But this generates another question, I would really like to understand what happens in trim.seqs. Is trim.seqs working sequentially? First, looking for barcodes, then, if found, removes them (in the solution you proposed already with linker), and then looks for primers in the sequence resulting from step 1? If yes, is there any way to look for primer in first n bp of the remaining sequence? I would think that any nucleotides between primer and linker are synthesis problem, and the whole read should better be disregarded. Still, some mismatches within primer sequence are ok since we know the primers are not really universal.
Sorry for the late response, I missed your reply post.

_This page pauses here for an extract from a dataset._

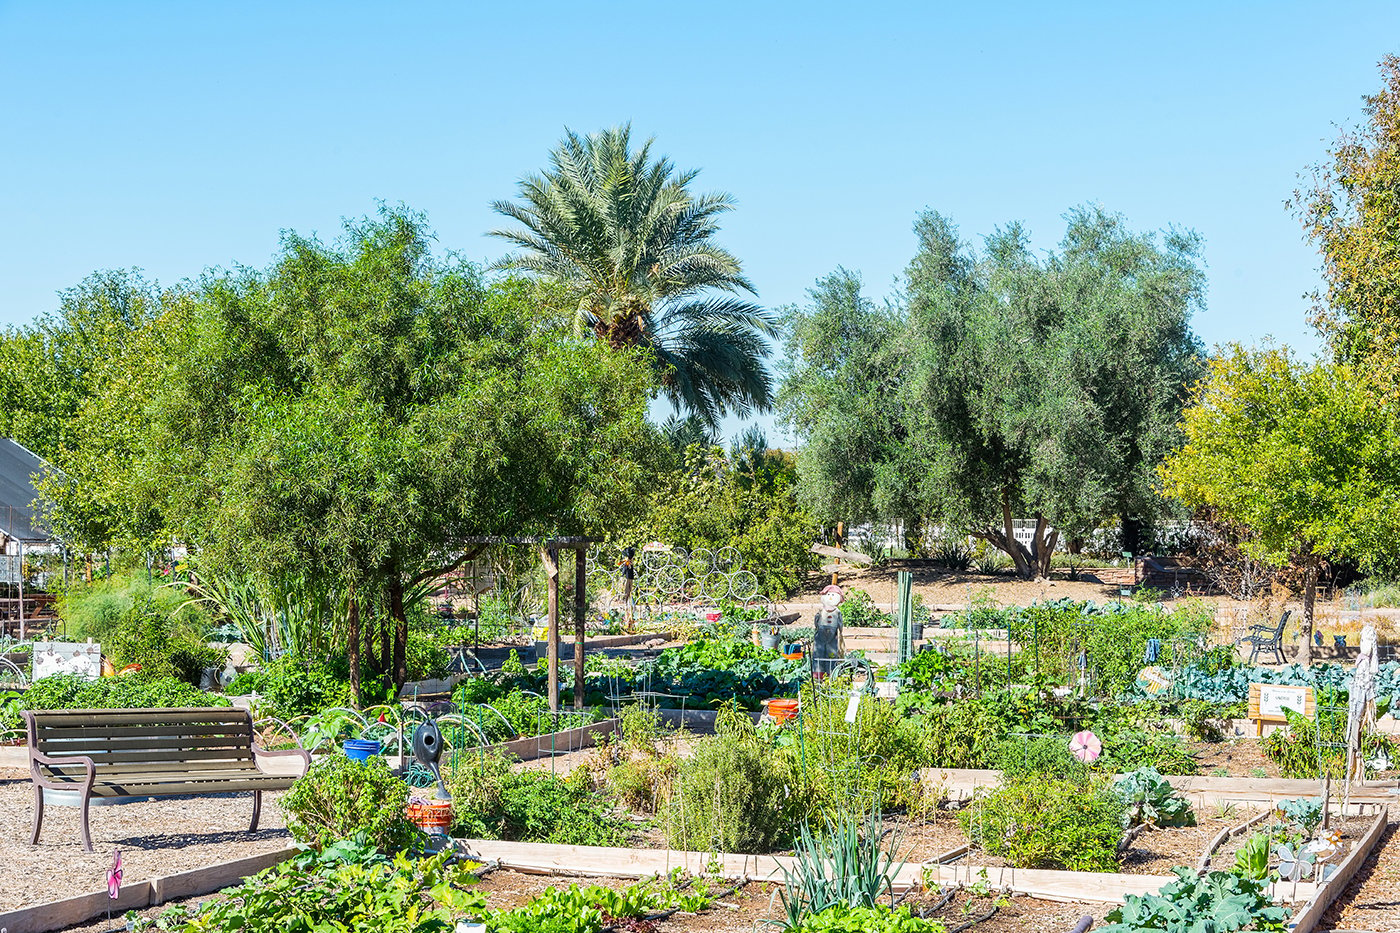 A community farm located in the master-planned community of Agritopia of Gilbert, AZ

But this generates another question, I would really like to understand what happens in trim.seqs. Is trim.seqs working sequentially? First, looking for barcodes, then, if found, removes them (in the solution you proposed already with linker), and then looks for primers in the sequence resulting from step 1?

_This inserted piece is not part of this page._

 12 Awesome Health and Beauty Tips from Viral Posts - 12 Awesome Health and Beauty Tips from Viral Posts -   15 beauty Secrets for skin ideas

Yes, you are correct. The trim.seqs command looks for linkers, then barcodes, then spacers, then primers. If the barcode can’t be found then nothing is trimmed, this will cause the spacer and primer to fail as well.

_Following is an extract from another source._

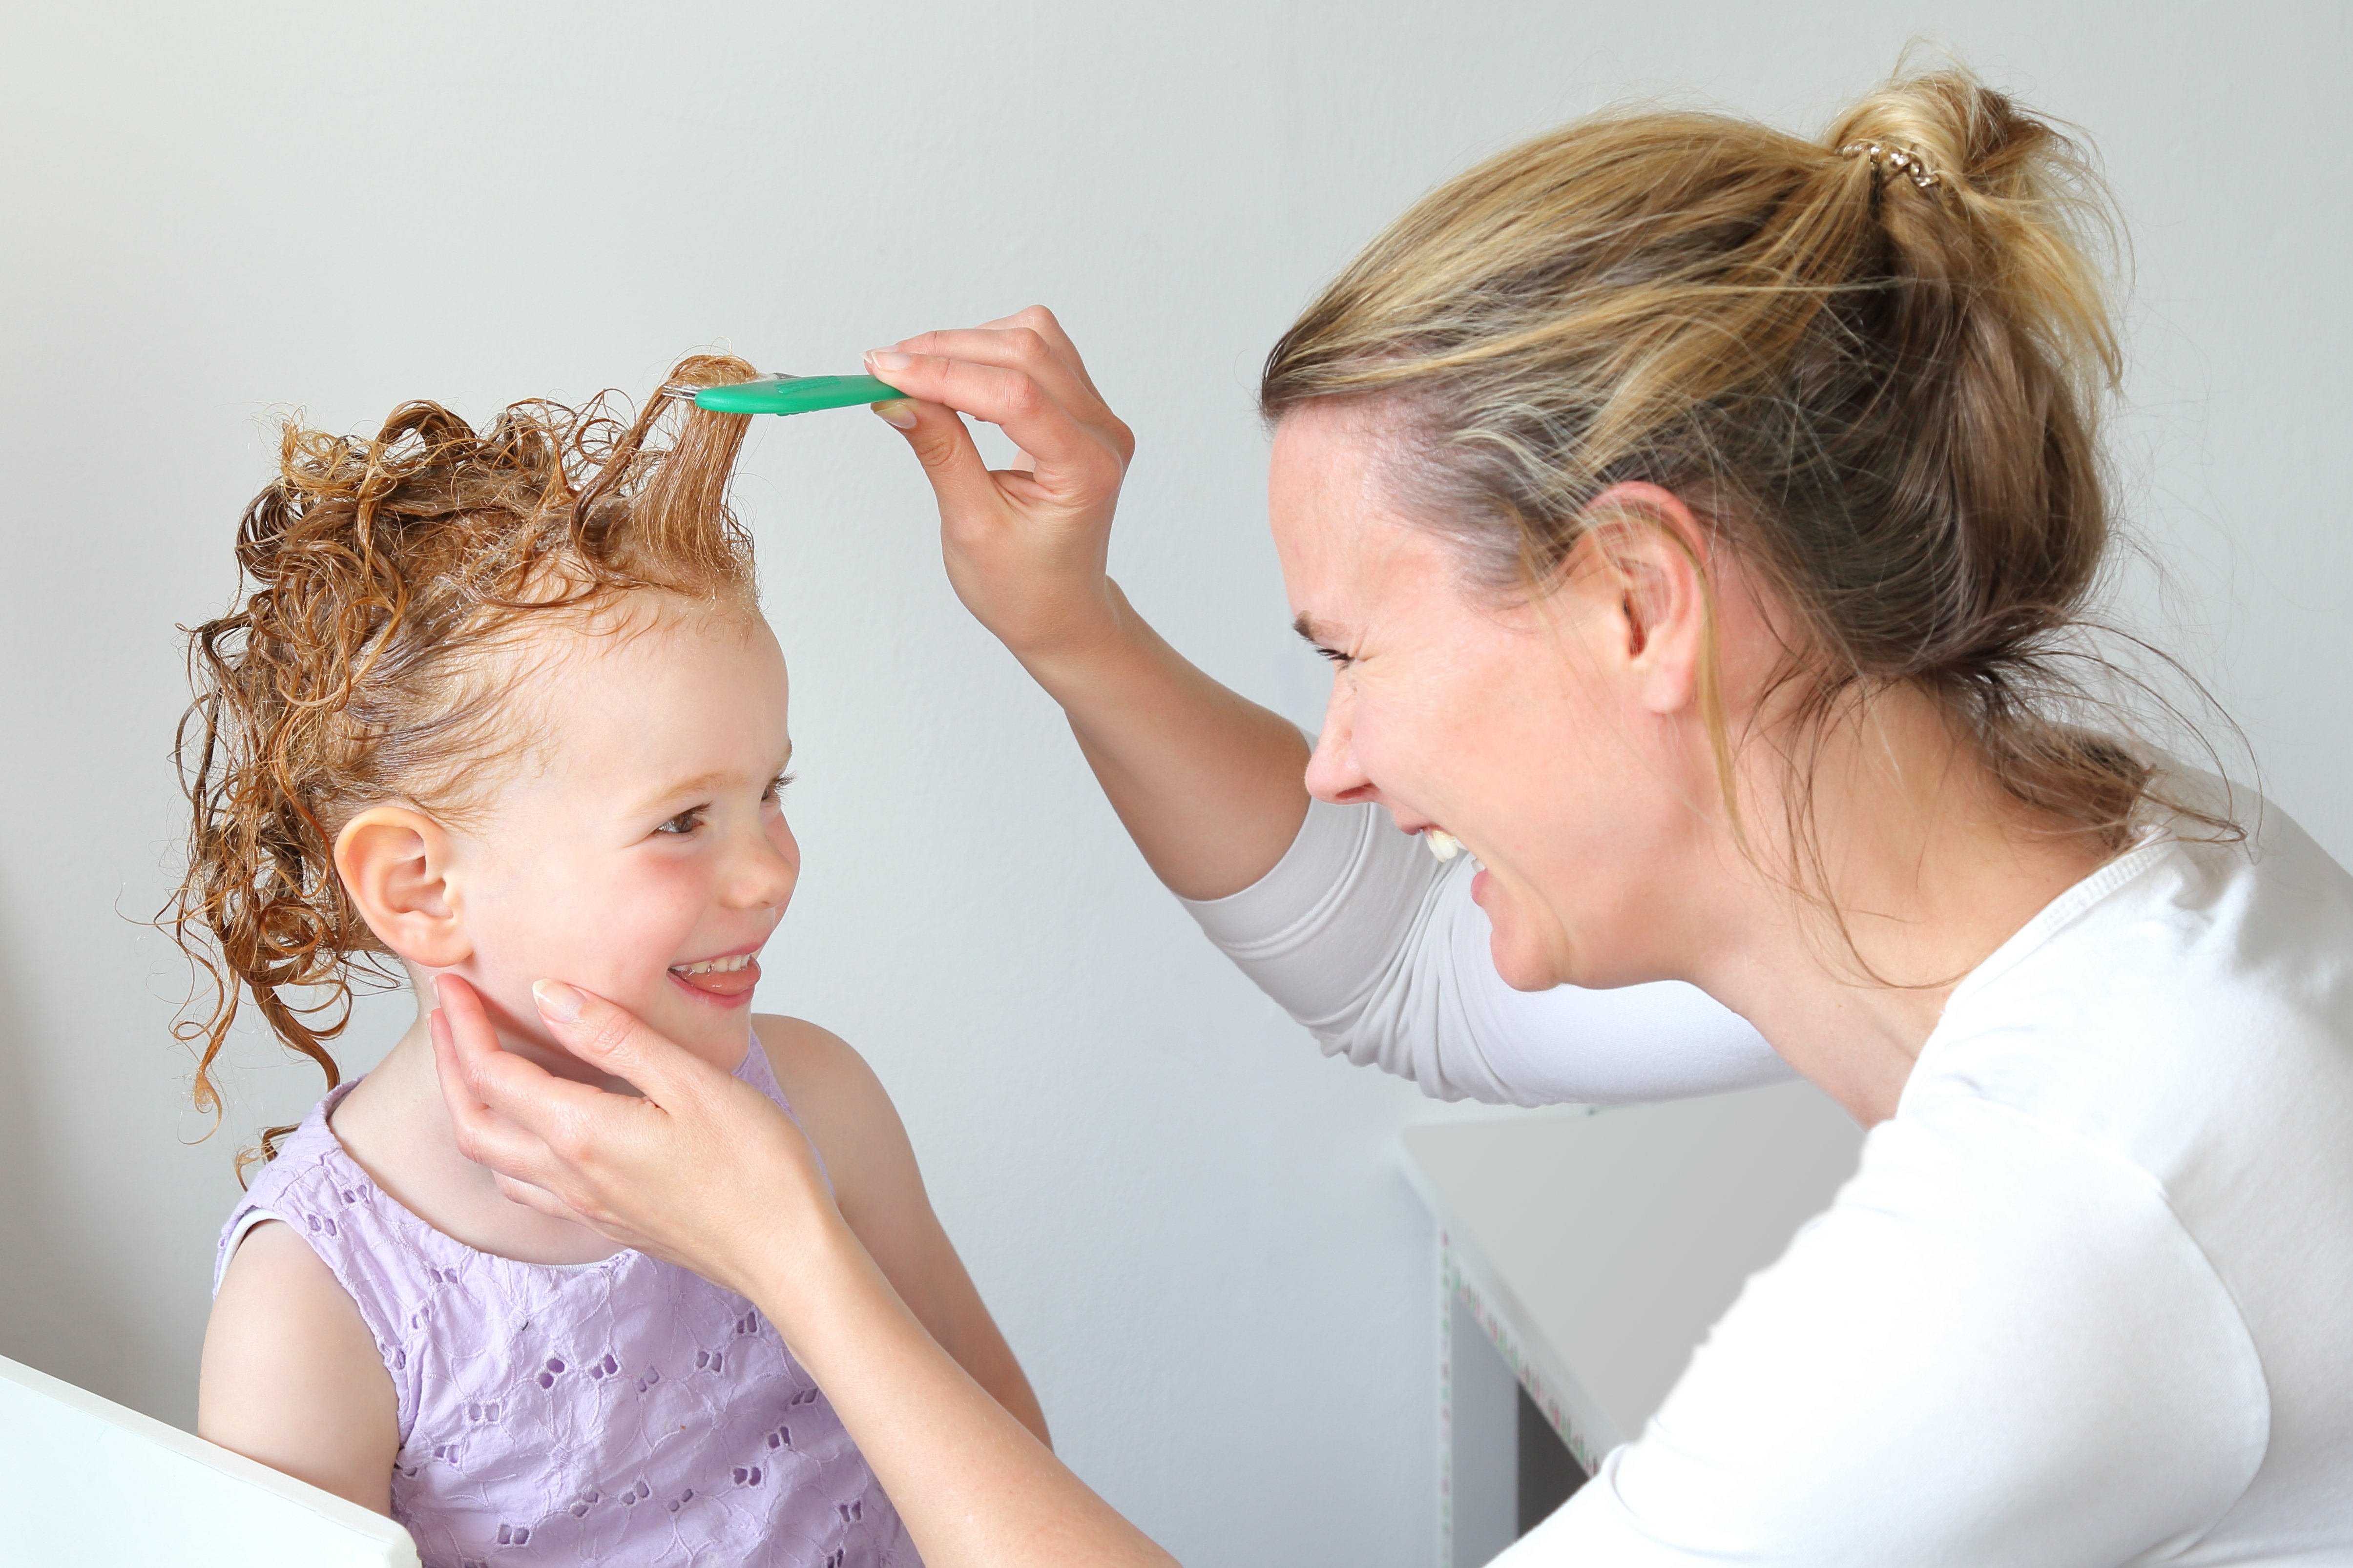 Washing out Head lice in the hair of a child | Photo: Shuttershock

If yes, is there any way to look for primer in first n bp of the remaining sequence? I would think that any nucleotides between primer and linker are synthesis problem, and the whole read should better be disregarded. Still, some mismatches within primer sequence are ok since we know the primers are not really universal.
In the trim.seqs command, mothur will scrap the sequence if any part of the trimming fails.
I have a similar problem. I added the linker to the barcode, which was a good improvement. However, I still find some unexpected assignments. Two examples. In my pool, I have no sample corresponding to these barcodes (the linker is AG). However, mothur (with bdiffs=1) assigned these sequences:
ex 1:
barcode
ACGTAGCTAG
seq
ACGTCGCTGGTTACCGCGG…
ex 2:
barcode
CAGTGAGAAG
seq
CAGTGAAGGTTACCGCGGCTG…
The barcodes are designed in order to require a minimum of two differences between samples. Over 8 position (10 with the linker), here we have far many differences. For info, the primer starts at GGTTACC. Maybe, it would be more stringent to read the barcode without allowing indels. Indels allow too many differences. What do you think?
In advance, thanks for help.
Thanks for your answer, and for spending time on these strange results.
I am using version 1.31.2
Would you need more info, more examples, to find the origin of the problem?